Journal of Open Innovation: Technology, Market and Complexity (Jun 2024)
How effective are green innovations as a remedy for mineral resource scarcity in the European region?
Abstract
The relationship between environmental externalities and green innovation is being increasingly explored in the literature but there is no paper exploring the nexus between green innovation (GI) and sustainable development. This article sheds light on the connection between GI and mineral rents from 2007 to 2021. In order to verify our results, we conduct a robustness assessment using a variety of natural resource rents, encompassing coal rents, gas rents, and forest rents. Our research furnishes evidence indicating that the adoption of environmental innovation is poised to curtail the consumption of most mineral resources, with the exception of forest rents in the PCSE and FGLS estimates. While GI does not exhibit statistical significance in the short term, its long-term impact reduce reliance on mineral rents.
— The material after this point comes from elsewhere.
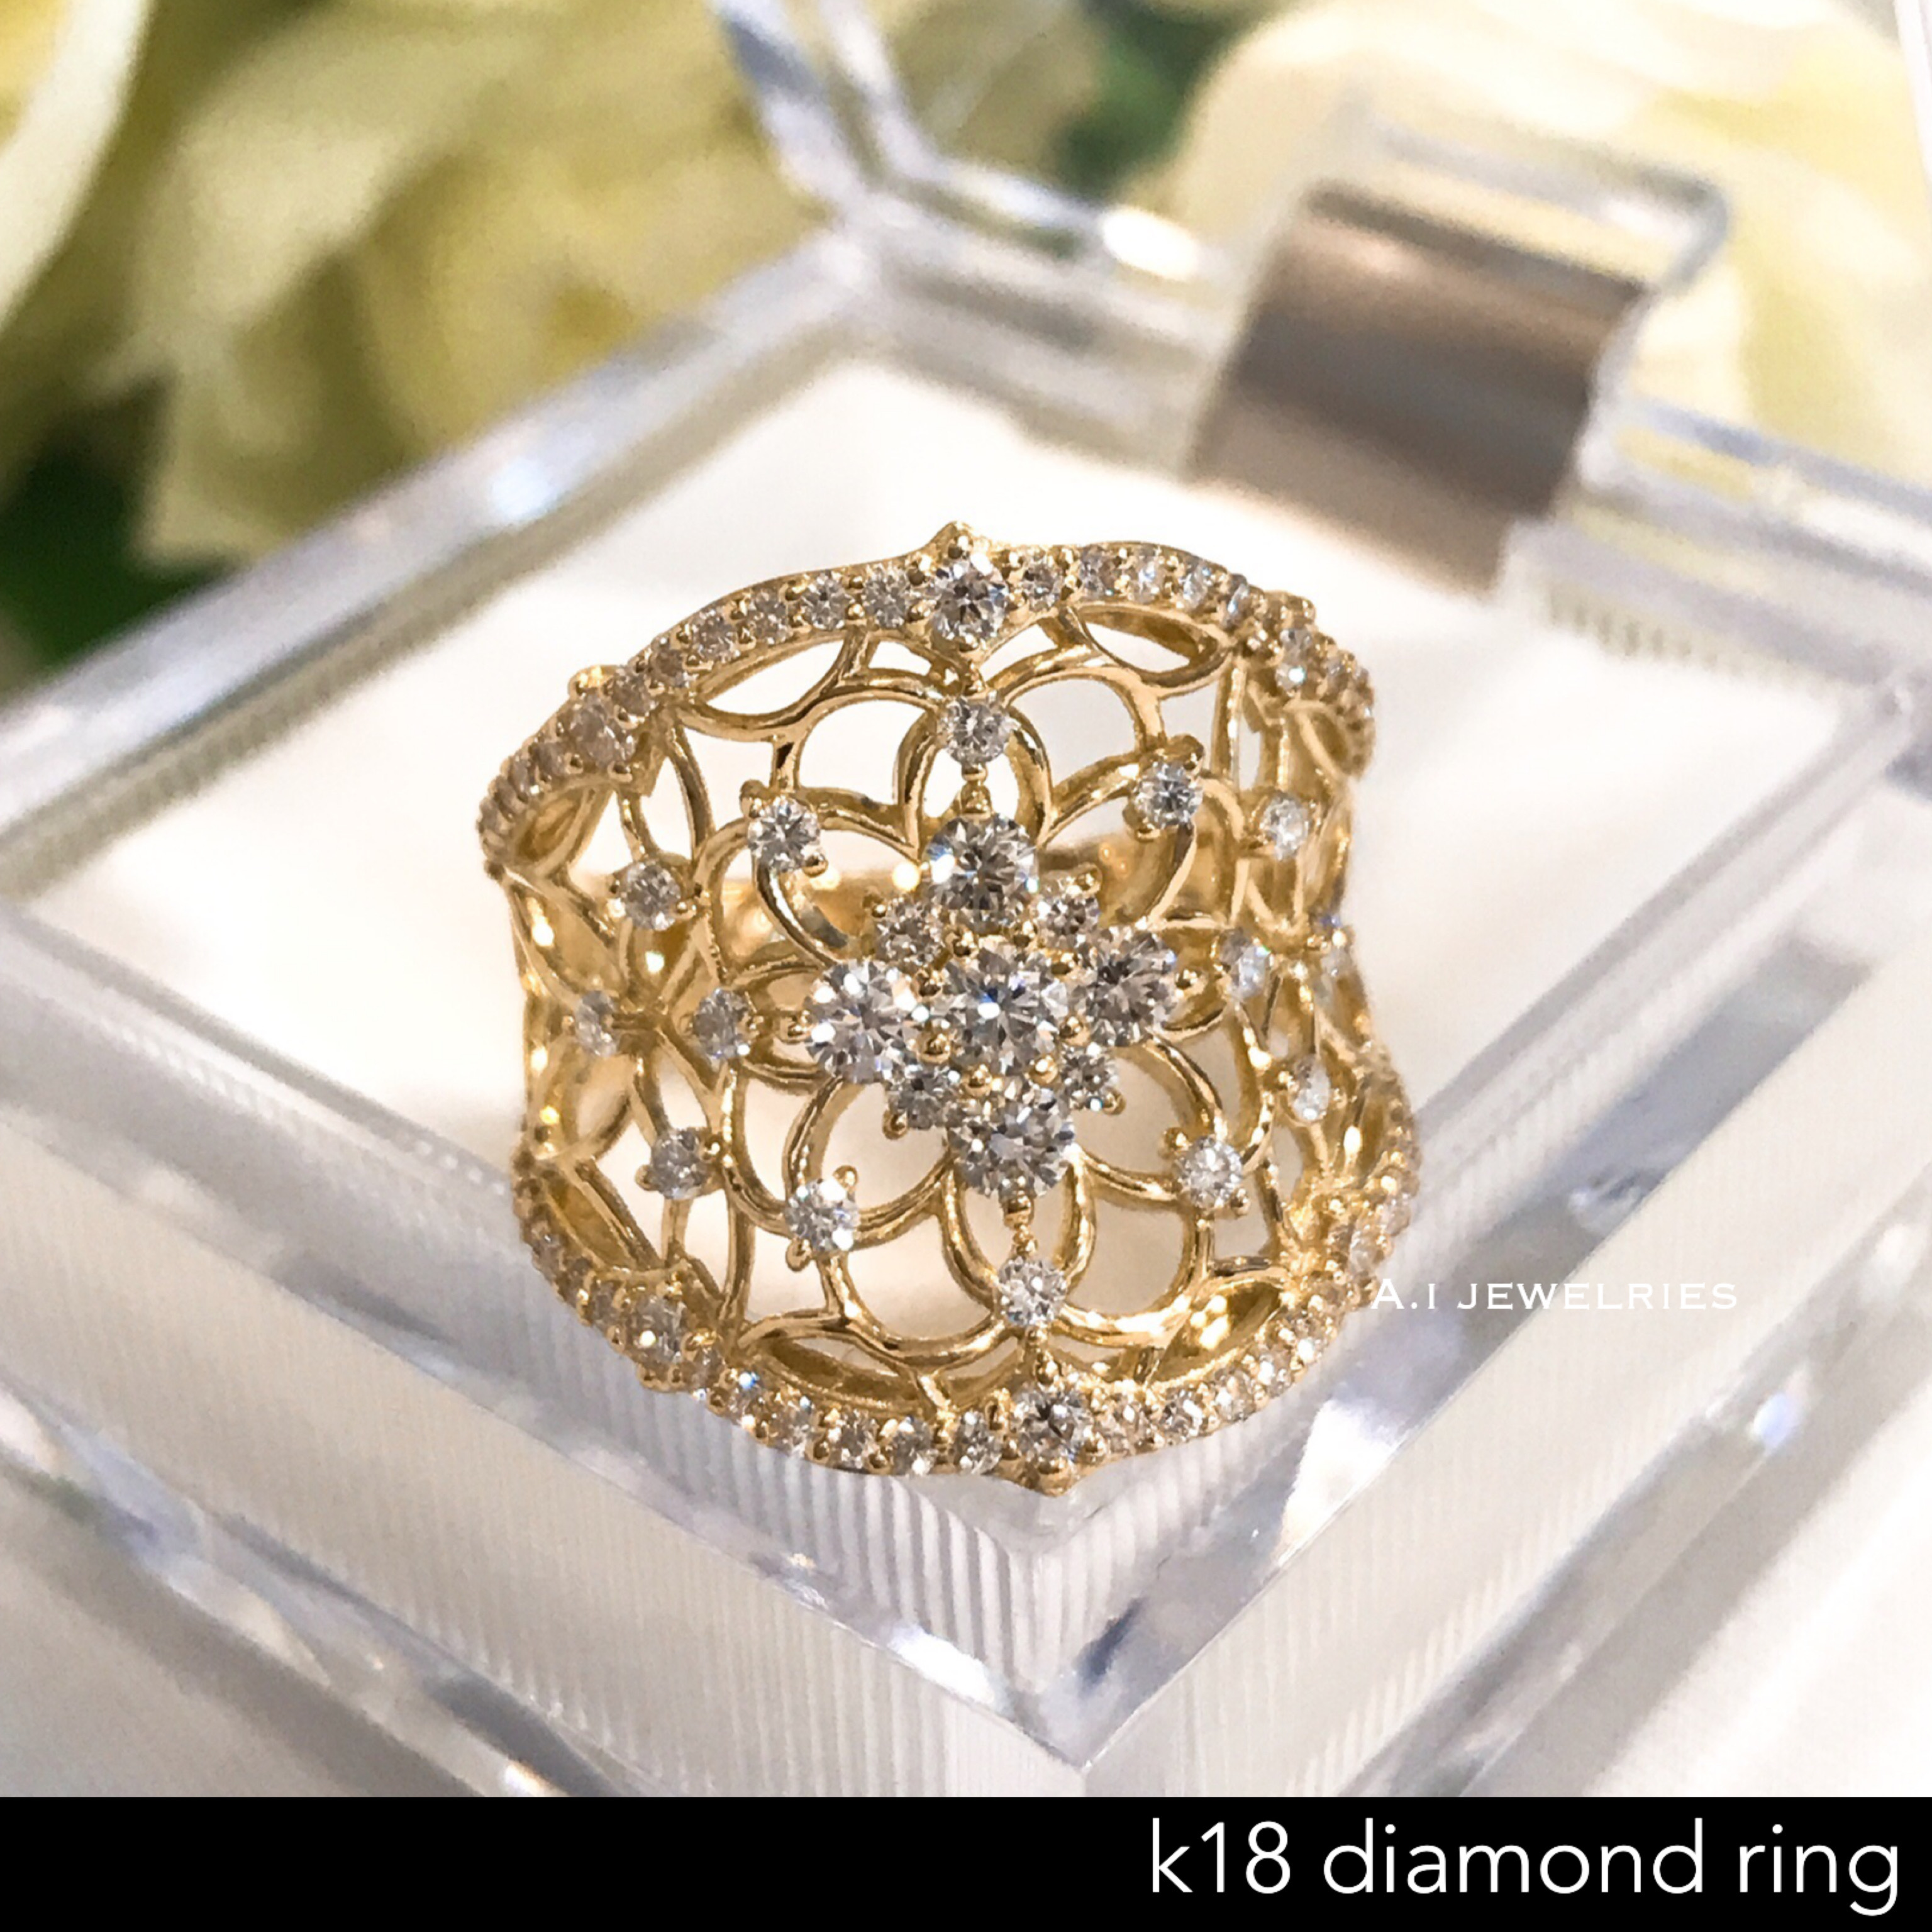 リング 18金 ダイヤ k18 天然 ダイヤモンド リング / k18 diamond ring | A.I JEWELRIES / エイ

These findings maintain their robustness and reliability when accounting for endogeneity, fixed effects, and heterogeneity. To illuminate the relationship between institutional quality and mineral rents (MR), we incorporate six different indicators of institutions: voice and accountability (VA), government effectiveness (GE), rule of law (RL), regulatory quality (RQ), political stability and absence of violence/terrorism (PV), and control of corruption (CC). Our findings underscore the fact that integrating GI with institutions diminishes activities associated with mineral rents; from this we provide important policy recommendations for promoting GI development to use mineral resources more efficiently.